[REQUIREMENT]: Transcribe the entries below word for word, beginning at the line with "ニット/セーターsupreme mohair sweater" and stopping after the line with "Carroll Plant Faces Sex Harassment Suit"; drop all pictures.

[INPUT RECORDS]:
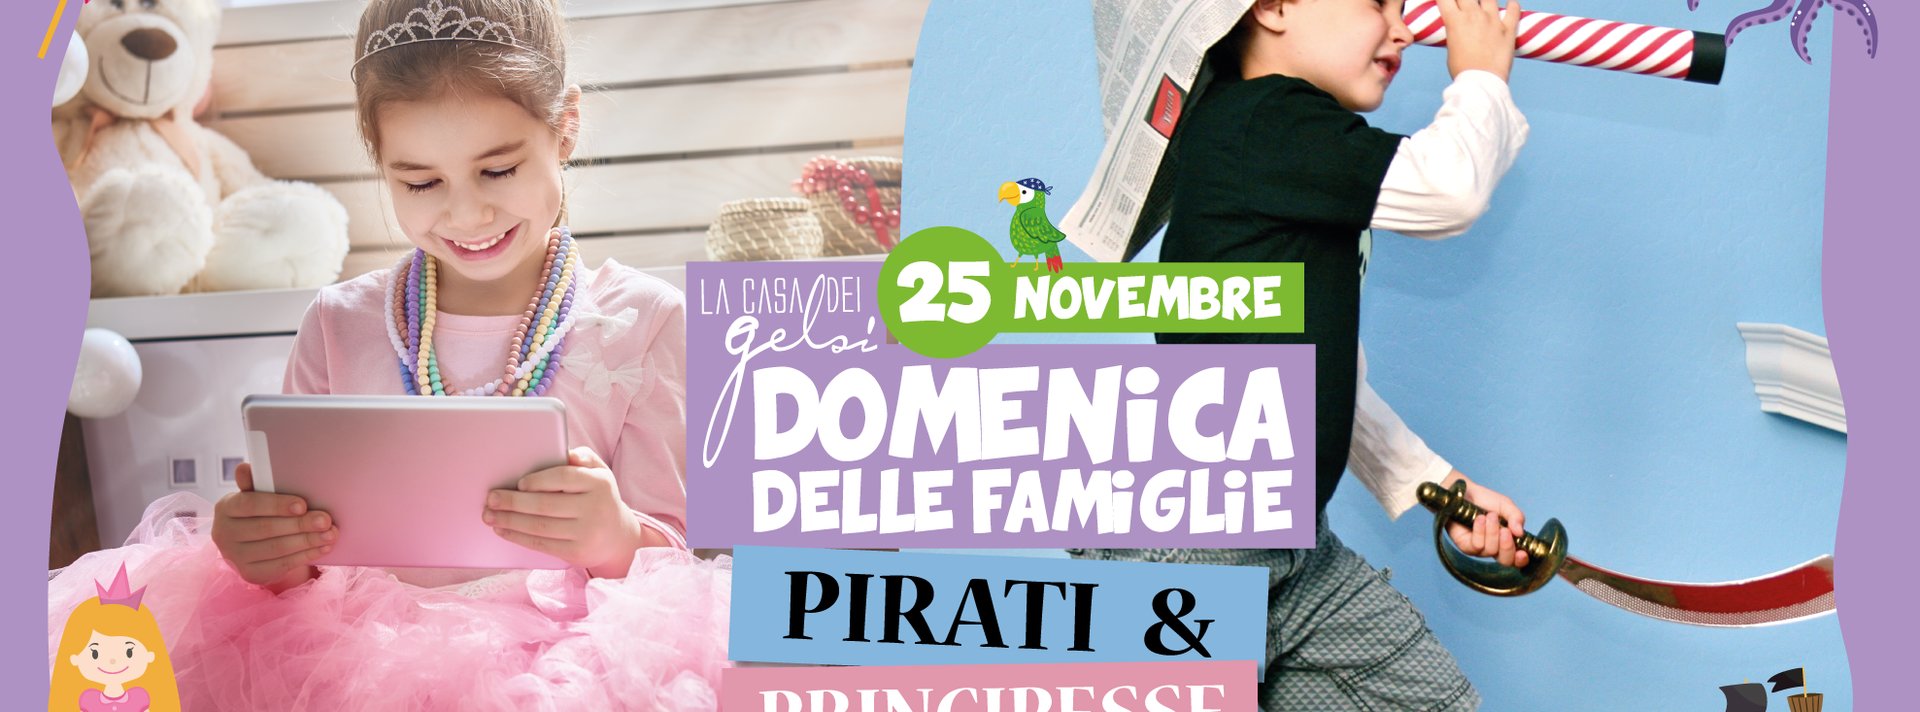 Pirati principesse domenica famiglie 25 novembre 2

...

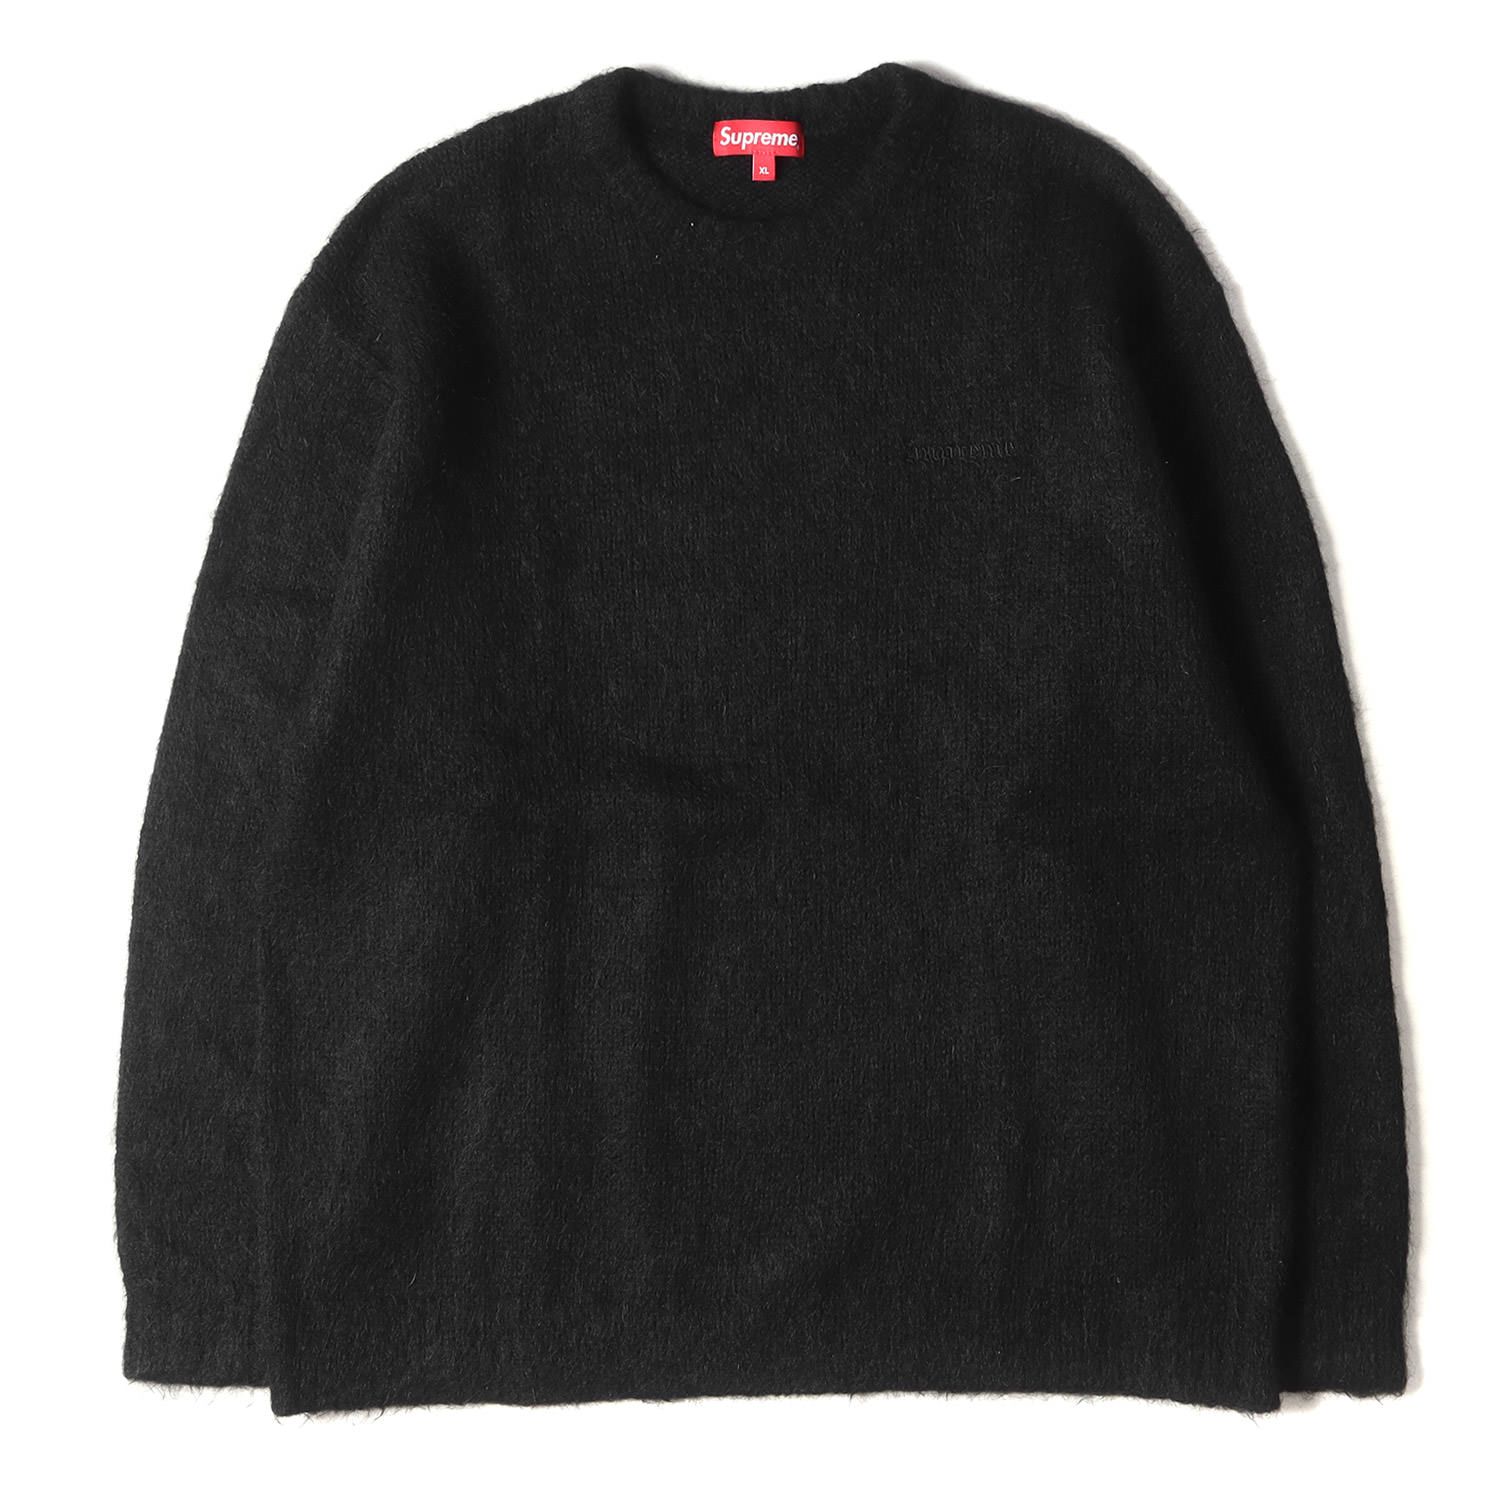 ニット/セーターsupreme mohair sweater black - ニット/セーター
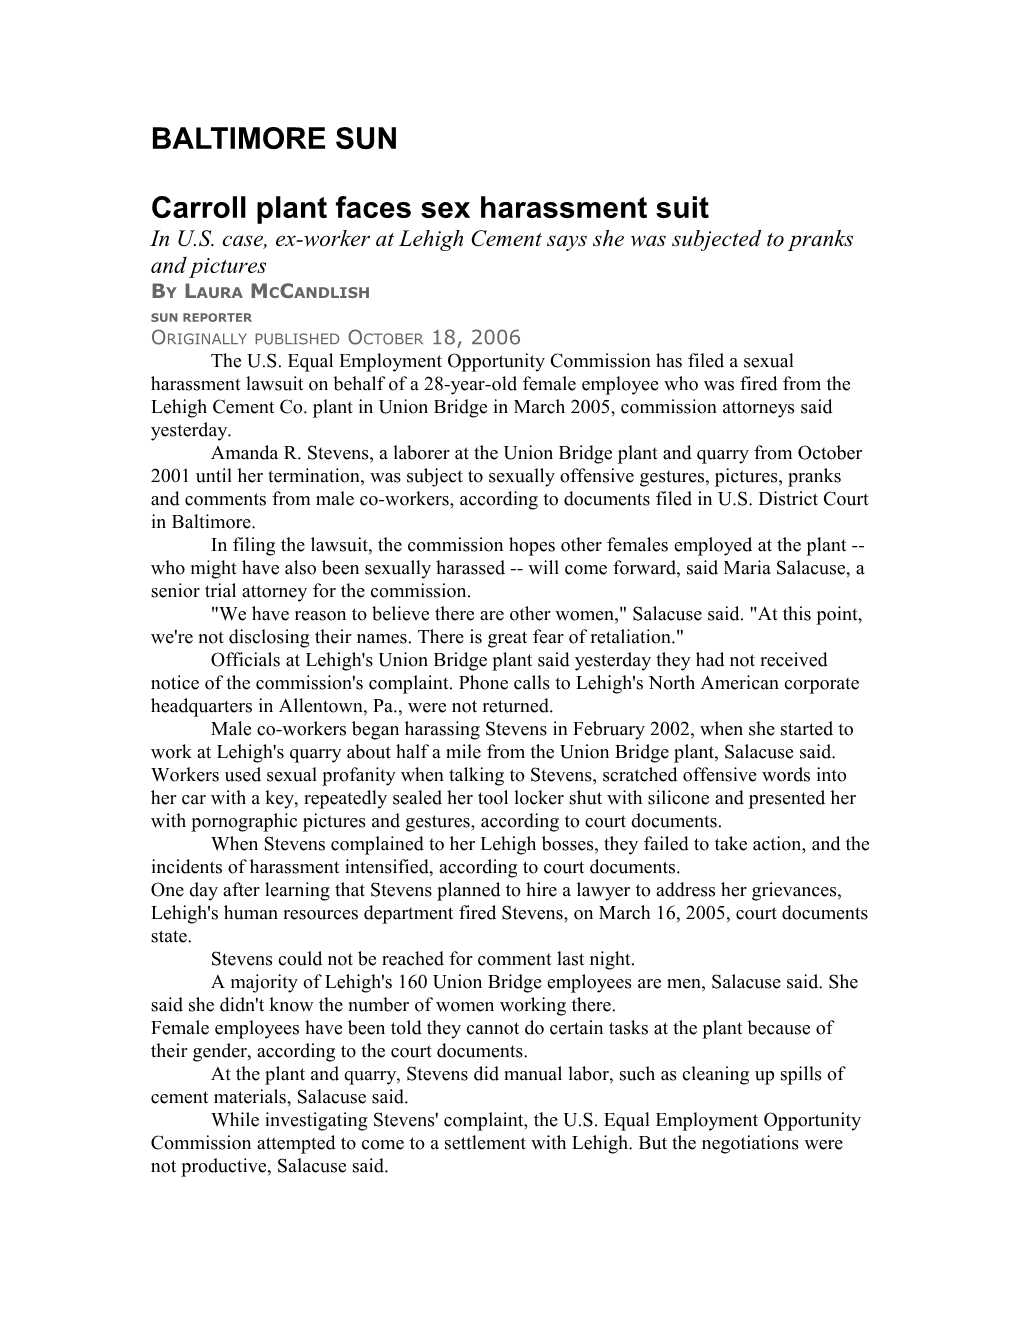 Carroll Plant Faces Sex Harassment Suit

==

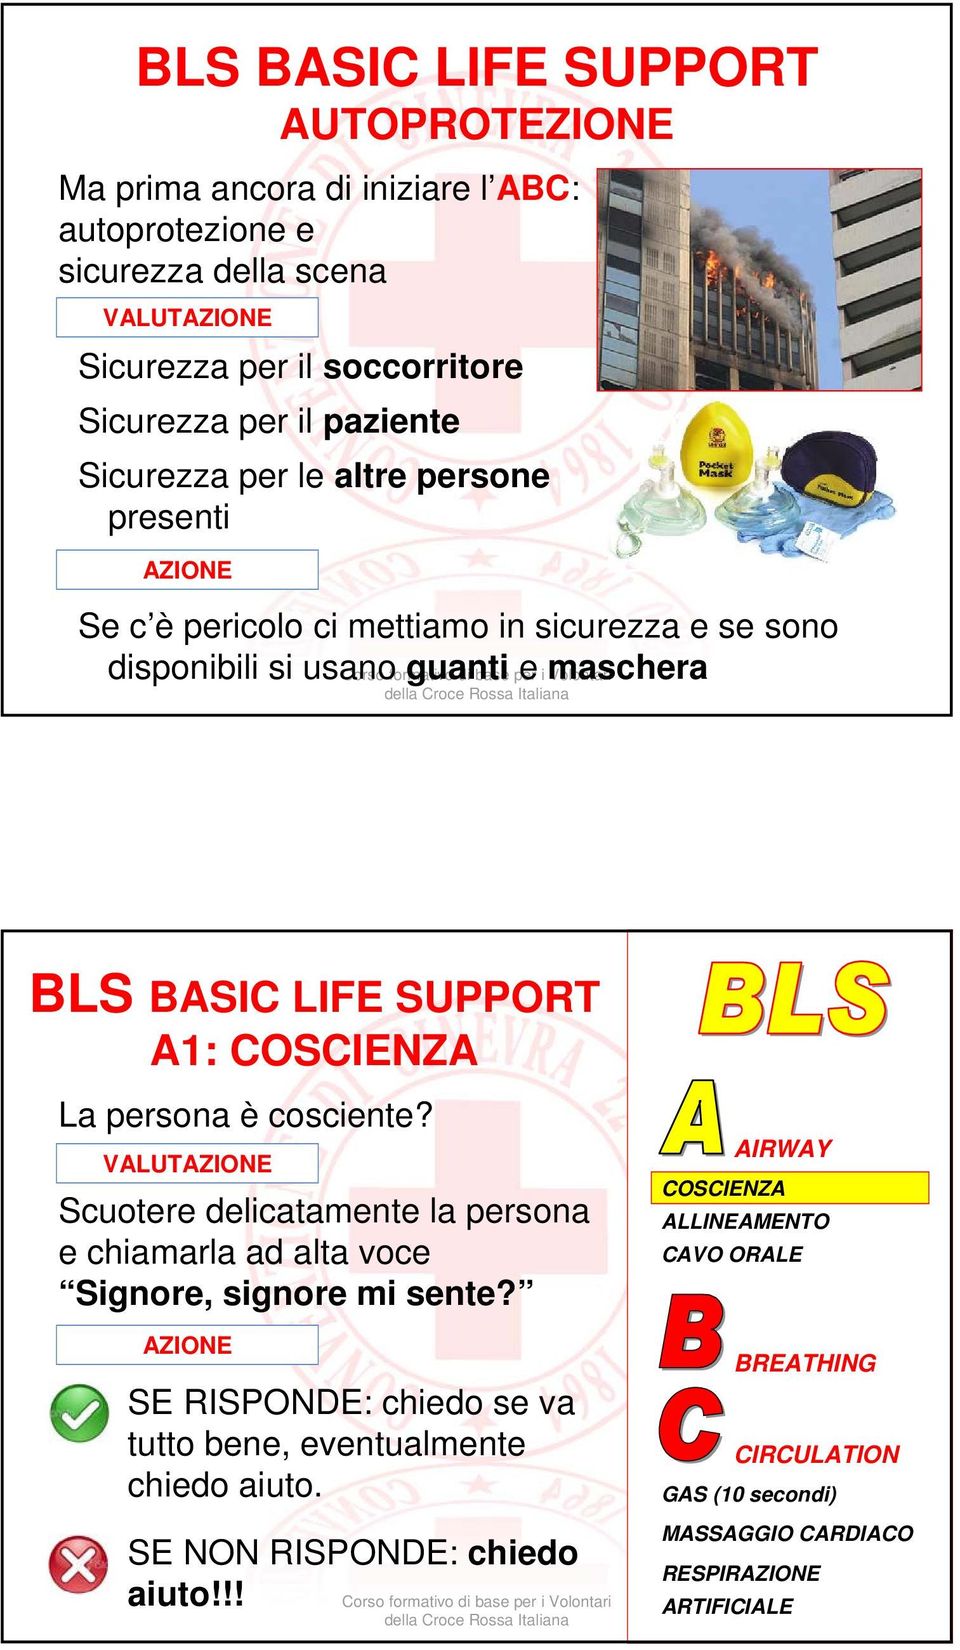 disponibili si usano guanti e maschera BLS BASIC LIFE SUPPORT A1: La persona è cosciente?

[EXERCISE ANSWER]:
 ニット/セーターsupreme mohair sweater black - ニット/セーター
 Carroll Plant Faces Sex Harassment Suit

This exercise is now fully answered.